He dashed up the stairs (_I miss these stairs, miss John's footsteps on them_) and into the living room. His heart wrenched as he took in the flat (_three years gone and it feels like yesterday, John, why would you keep it all like this?_) and he finds a pen and spare piece of paper.

He settles in at his desk (_nostalgia, so like sentiment, I've missed this more than I want to admit_) and begins to write.


	2. Chapter 2

When John comes home that night, he notices nothing in particular that seems out of place. But when he looks around, something just _feels _wrong.

He starts by looking around the desk, the tables, the couch and chairs and bookcases before he comes to the knife in the mantel. (_You can put back everything but dust. Dust is eloquent._) There's a letter there that John doesn't remember, sticking out at an odd angle from the rest of them. He yanks the knife out and sorts through everything.

There is no address, no stamp. Just his name scrawled across the envelope in handwriting he would recognize anywhere.

He sets the other letters and the knife down carefully on the mantelpiece, fingers trembling a little as he turns the envelope over and over in his hands.

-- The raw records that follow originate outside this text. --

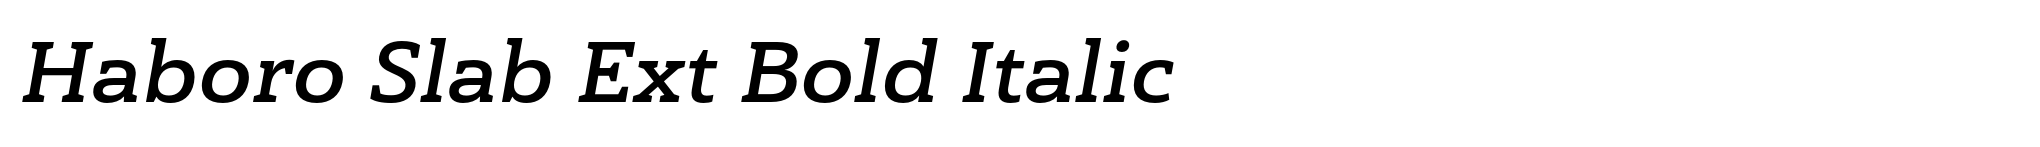 Haboro Slab Ext Bold Italic image
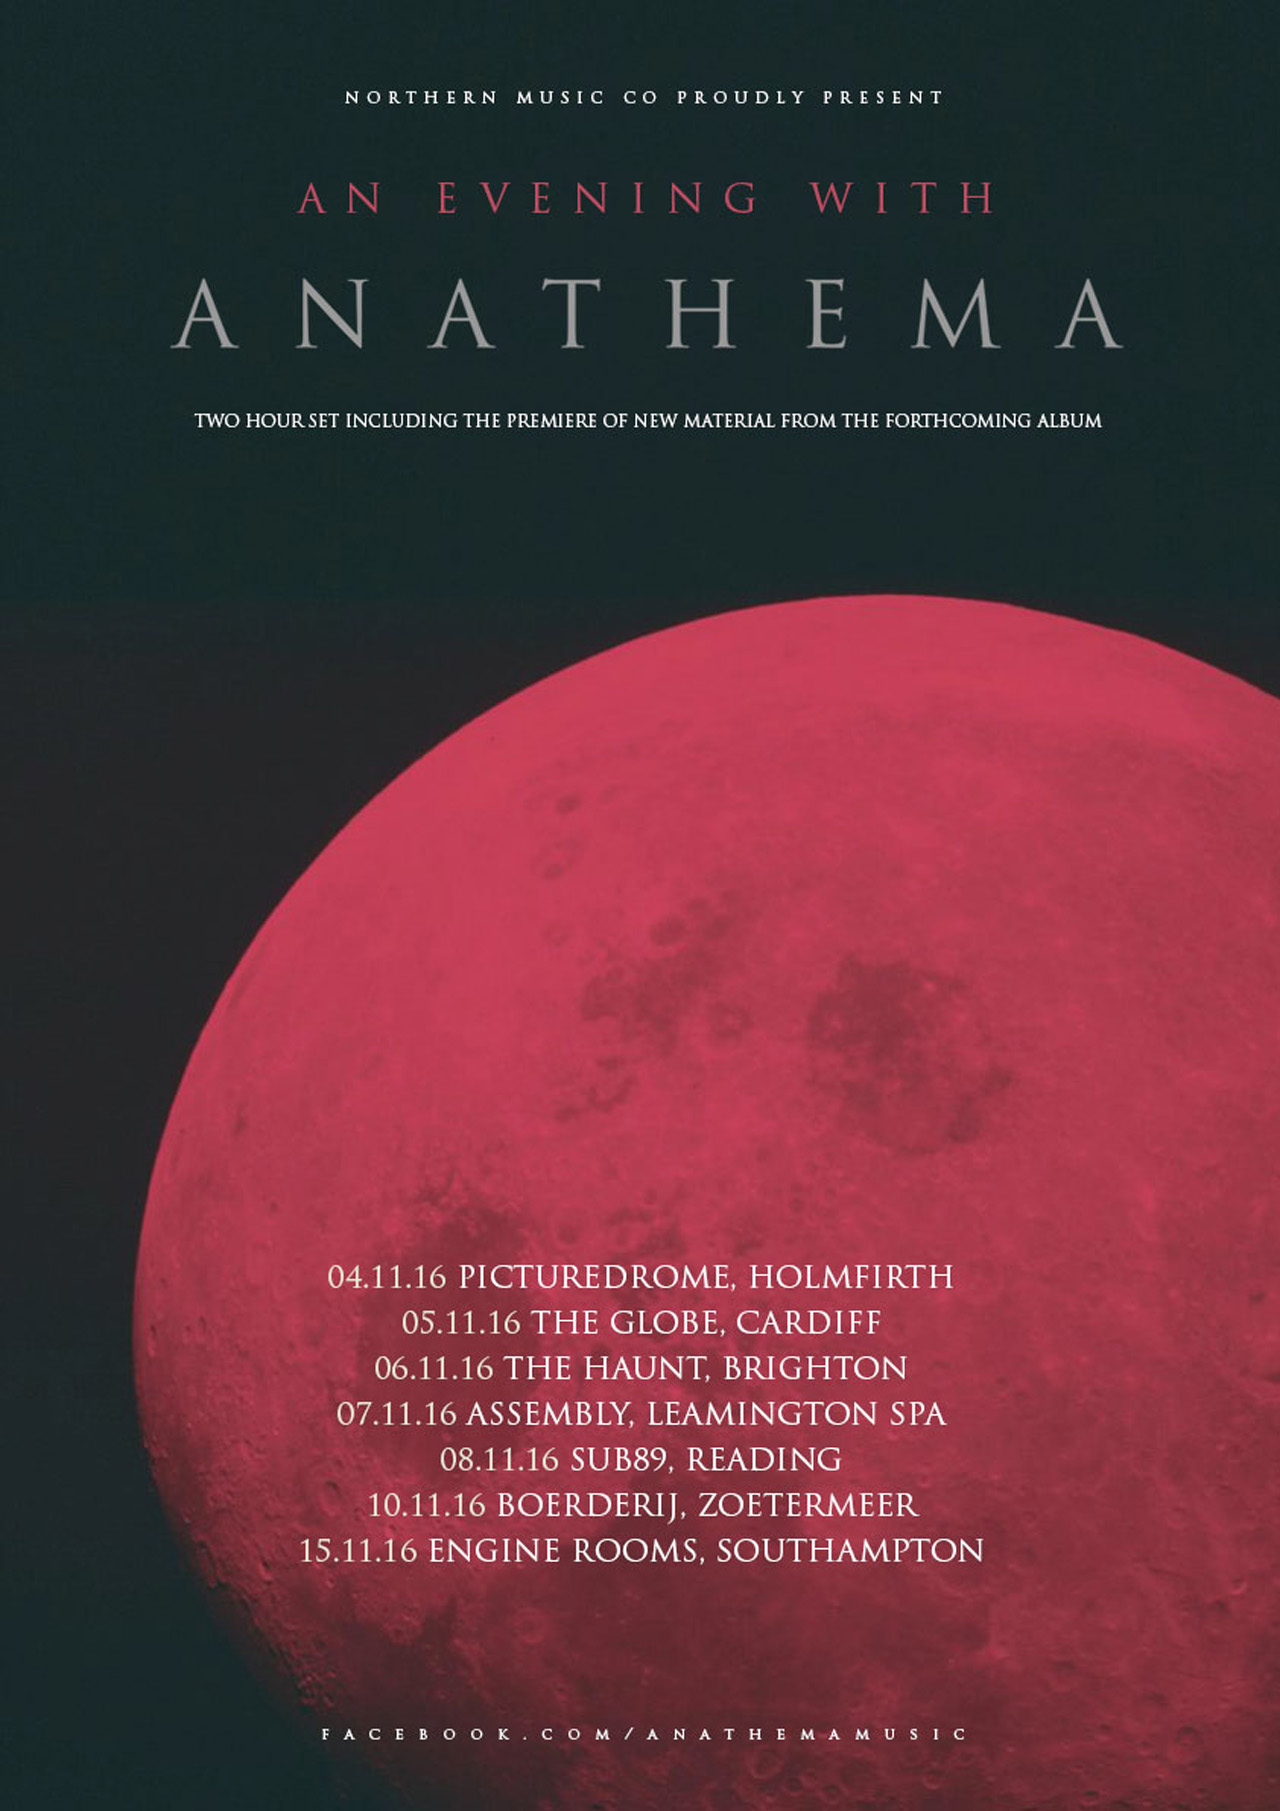 anathema tour dates
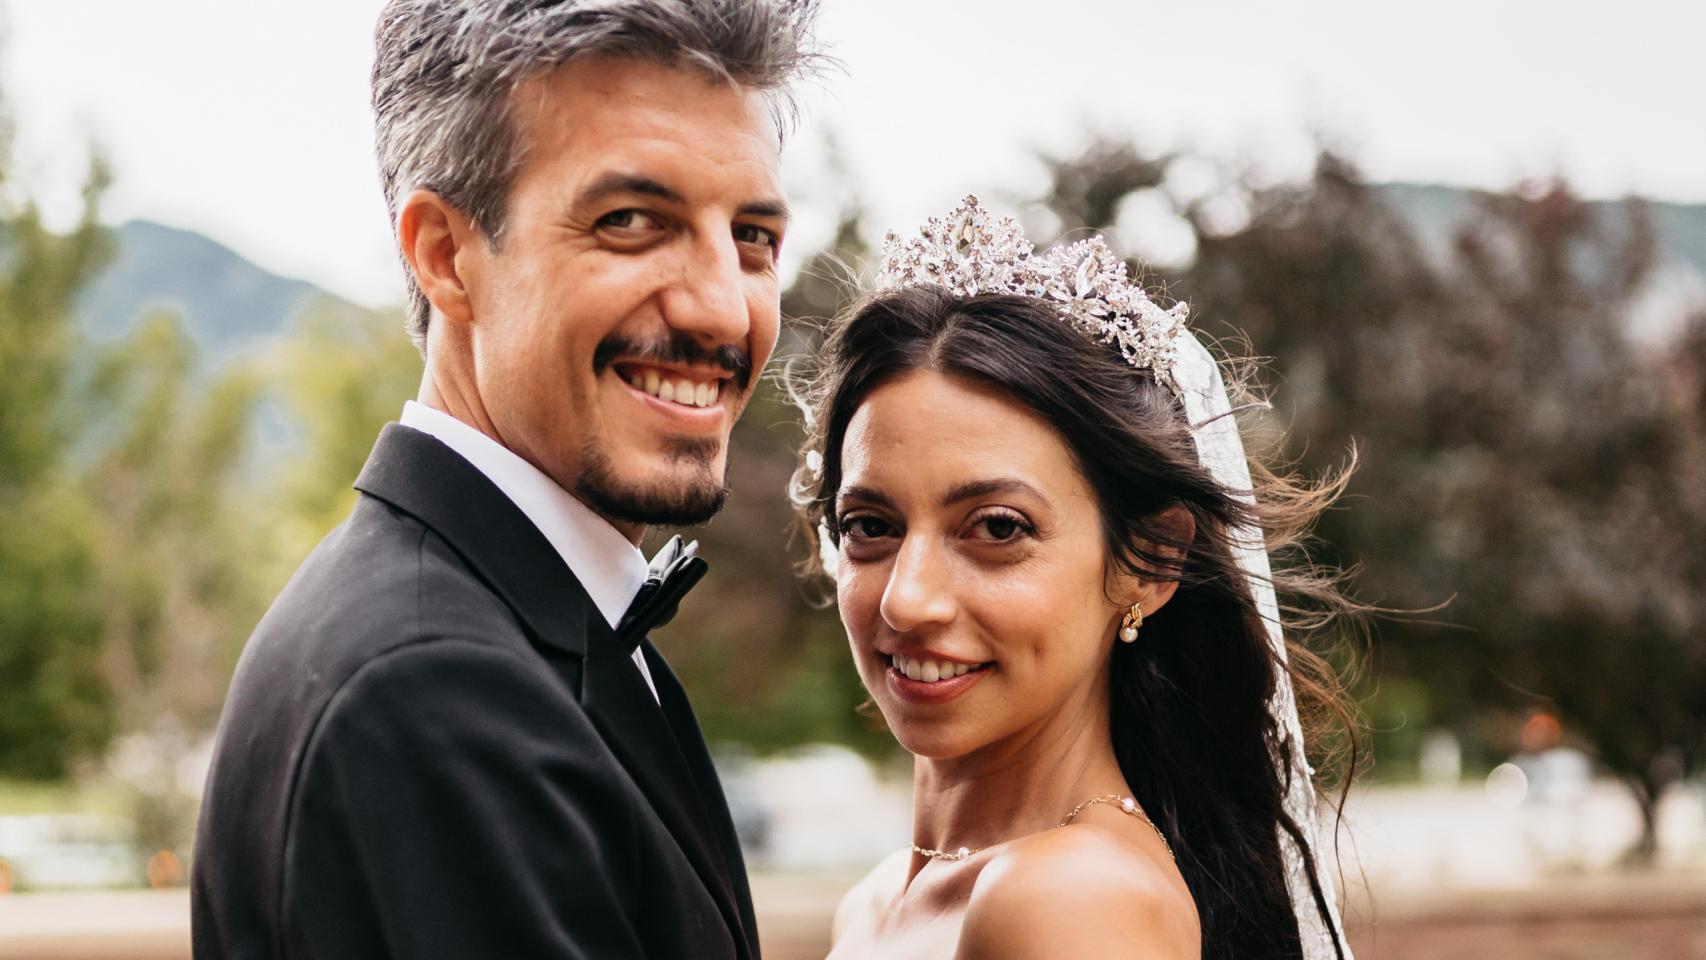 La boda americana del hijo de Antonio Canales con Andrea Gomez las imágenes exclusivas de su gran día
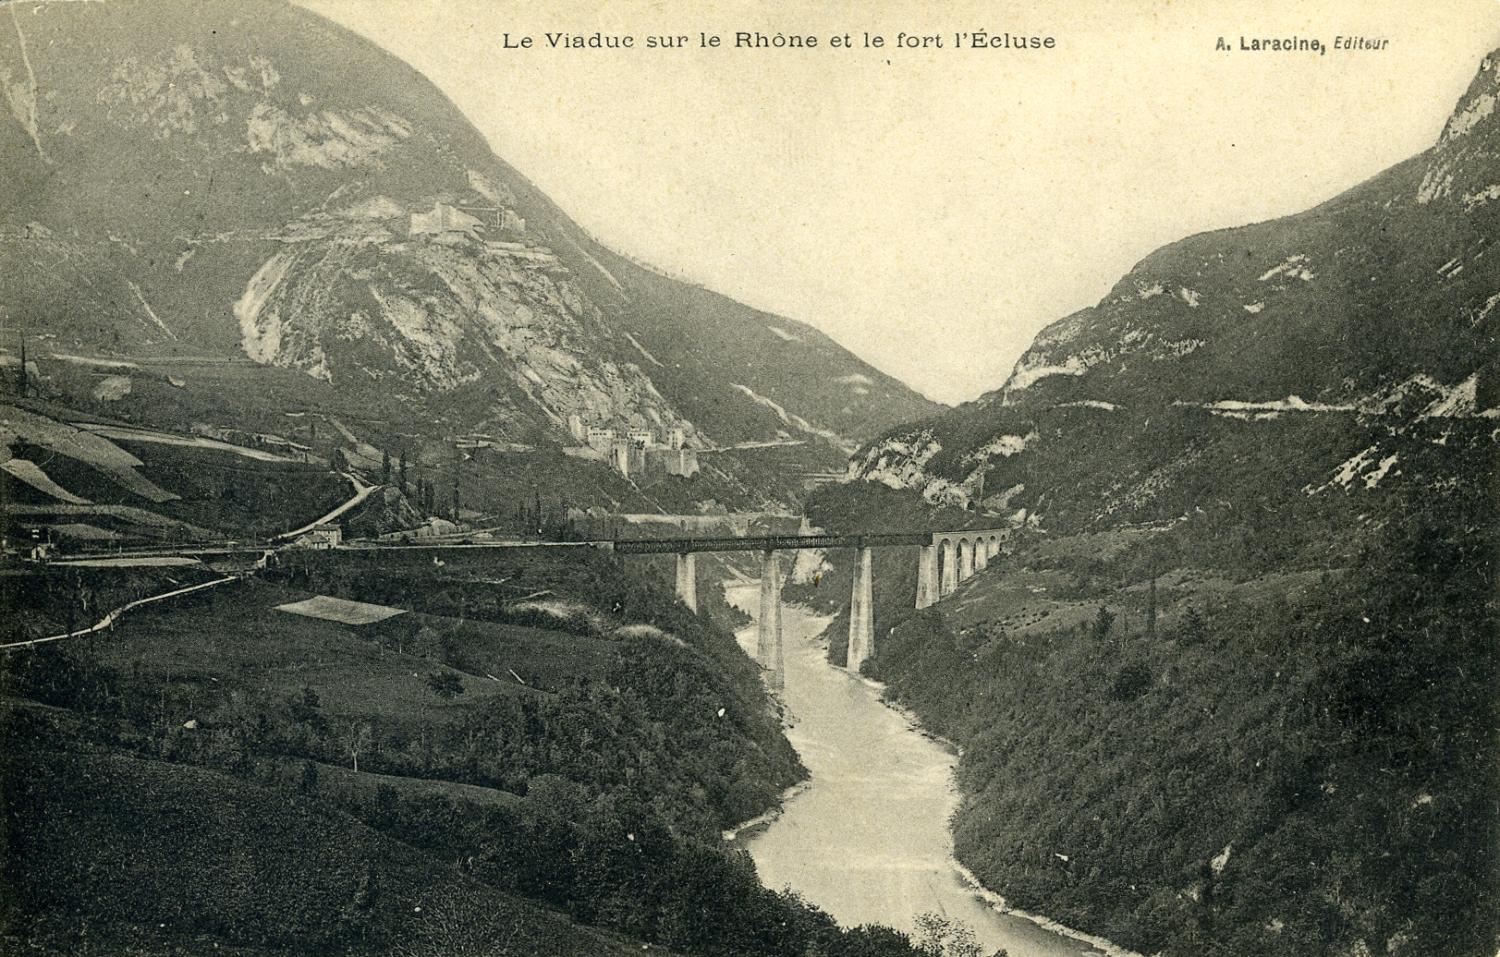 Le Viaduc sur le Rhône et le fort l'Ecluse..
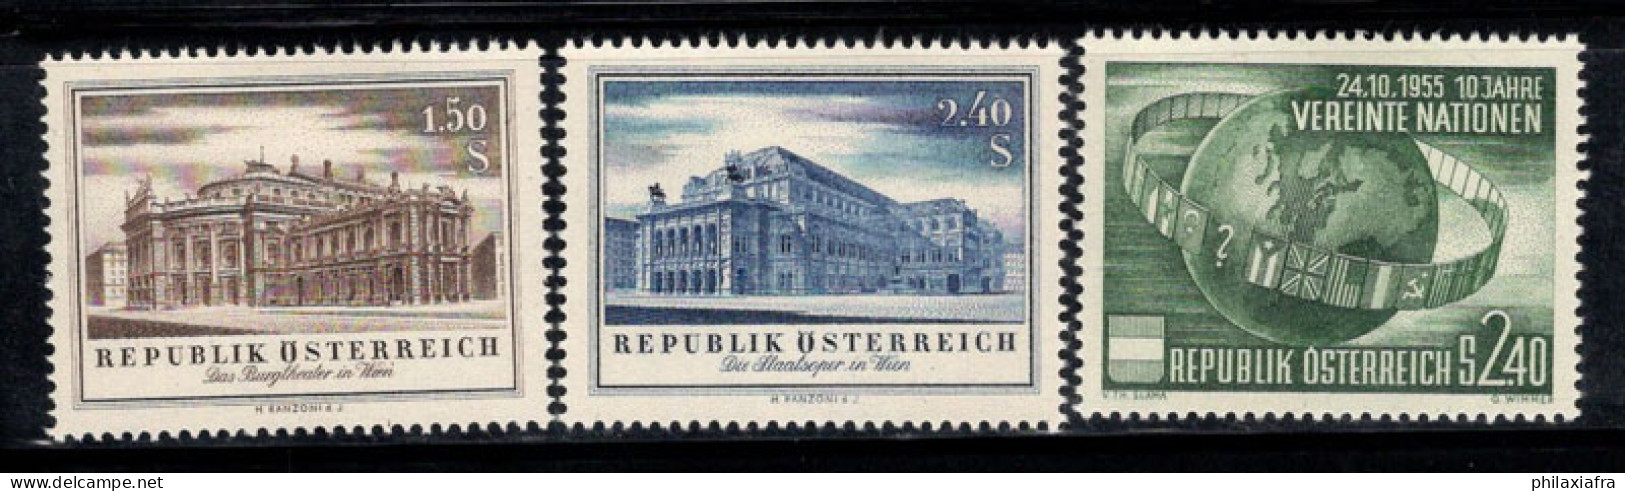 Autriche 1955 Mi. 1020-1022 Neuf * MH 100% ONU, THÉÂTRE, Opéra - Ongebruikt
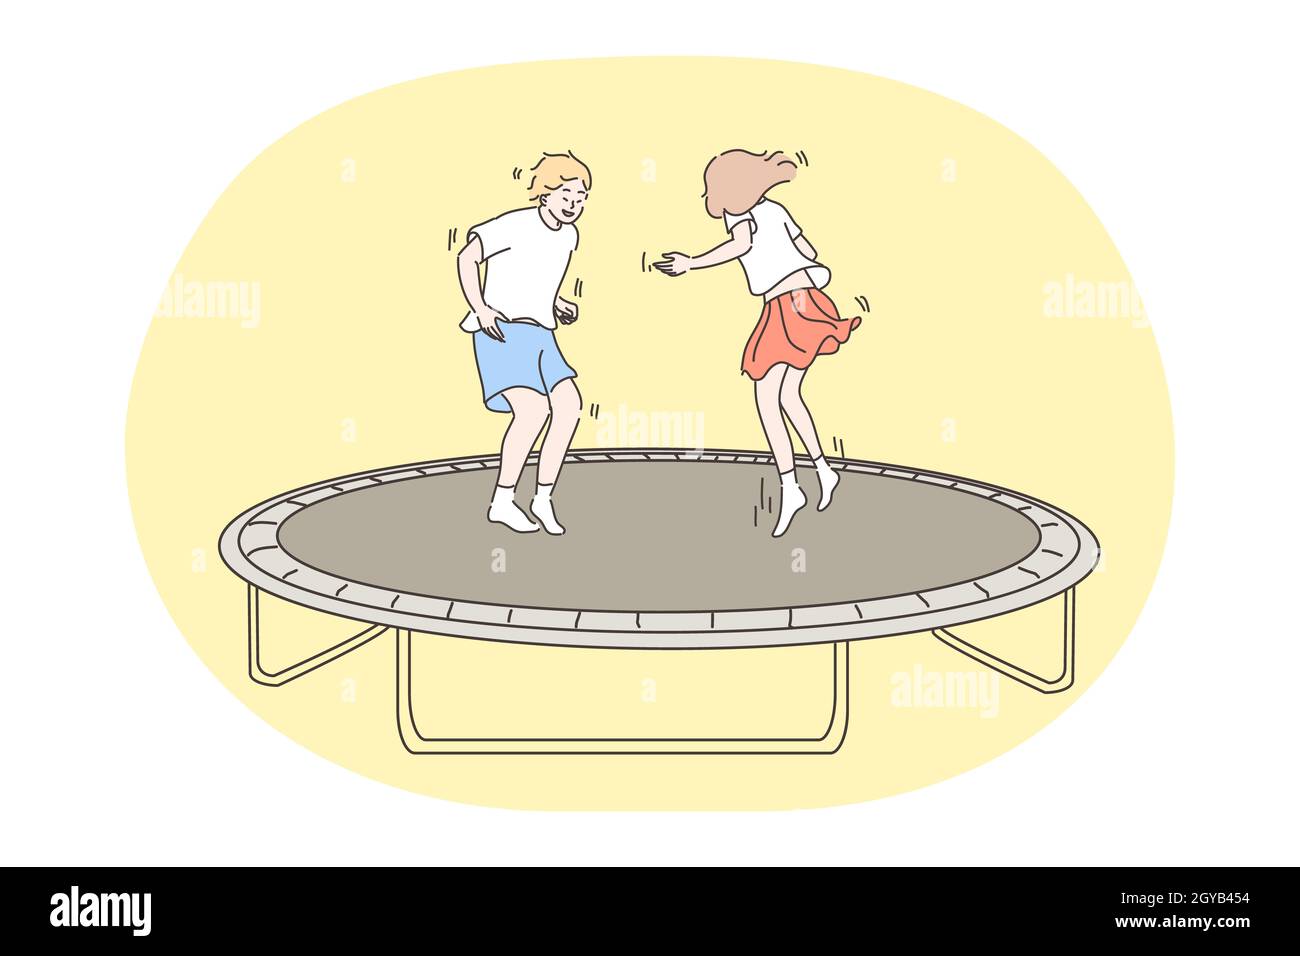 Enfants sautant, enfance, concept amusant. Joyeux garçon fille frère soeur enfants amis rebondissant sur trampoline sur l'aire de jeux ensemble. Le lei amusant de l'été Banque D'Images
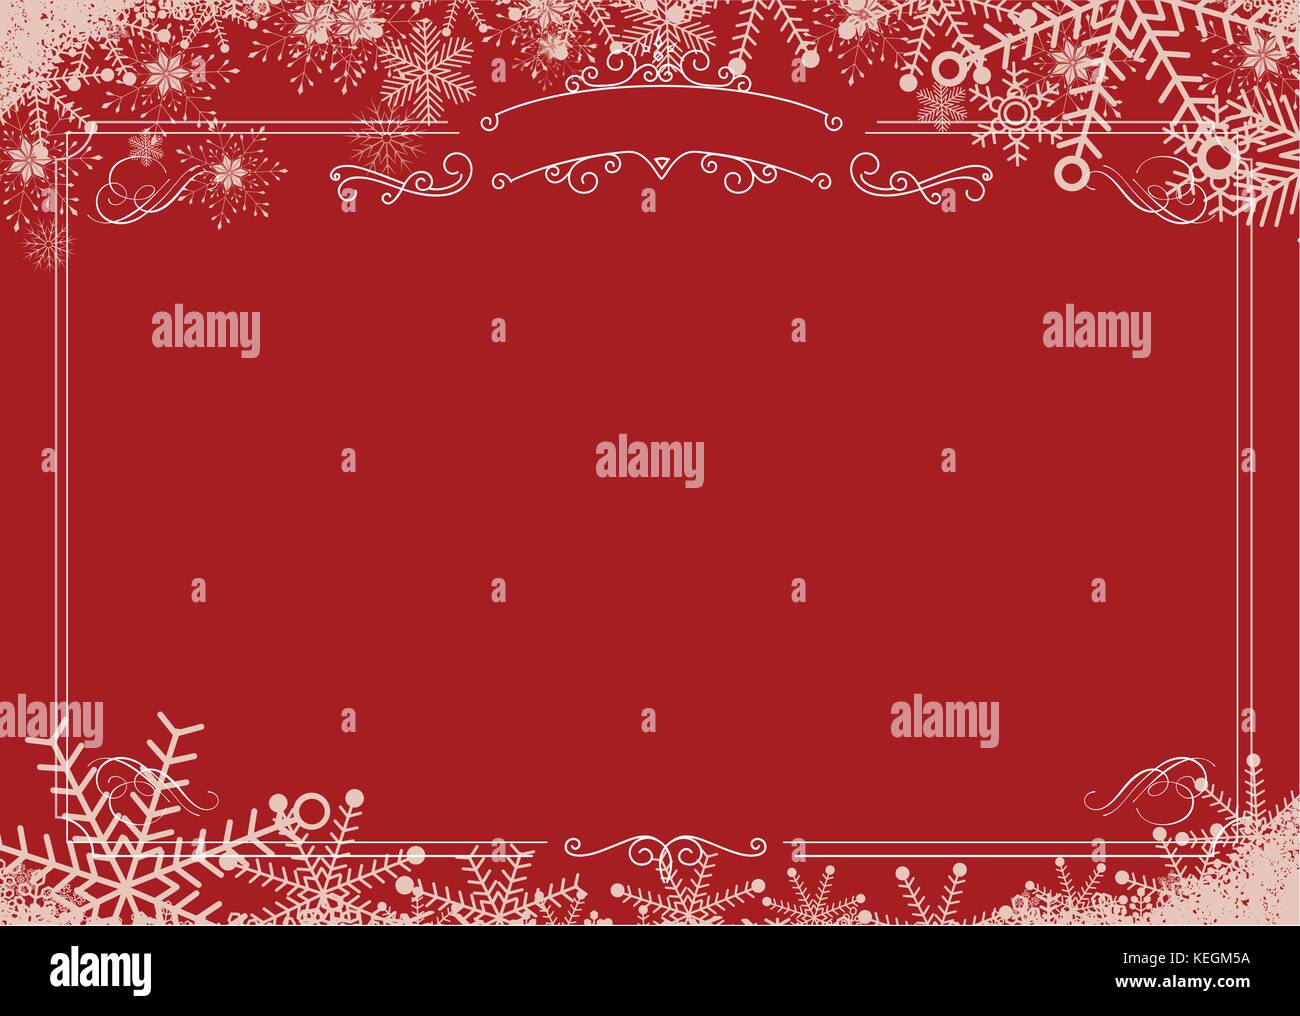 Format A3 cafe Menü - Weihnachten Winter Schneeflocke, retro, Rand rot strukturierten Hintergrund Stock Vektor

It's light, probably only one or two pages, but it feels like the weight of the world in his hands because the only things he can think of are the facts that _Sherlock-wrote-this_ and _Sherlock-touched-this_.

_Sherlock_.

John takes a deep breath and walks over to the couch. He sits down, pulling out his phone. No messages, no missed calls. So this probably isn't Mycroft's doing then. Mycroft had been going to great lengths to try and regain even a hint of John's trust. Coming into the flat to leave a letter would not have been his current M.O. No, he'd have dragged John to his office, offered him a drink, tried to chat just like he had when he'd given John the ring that John now wore.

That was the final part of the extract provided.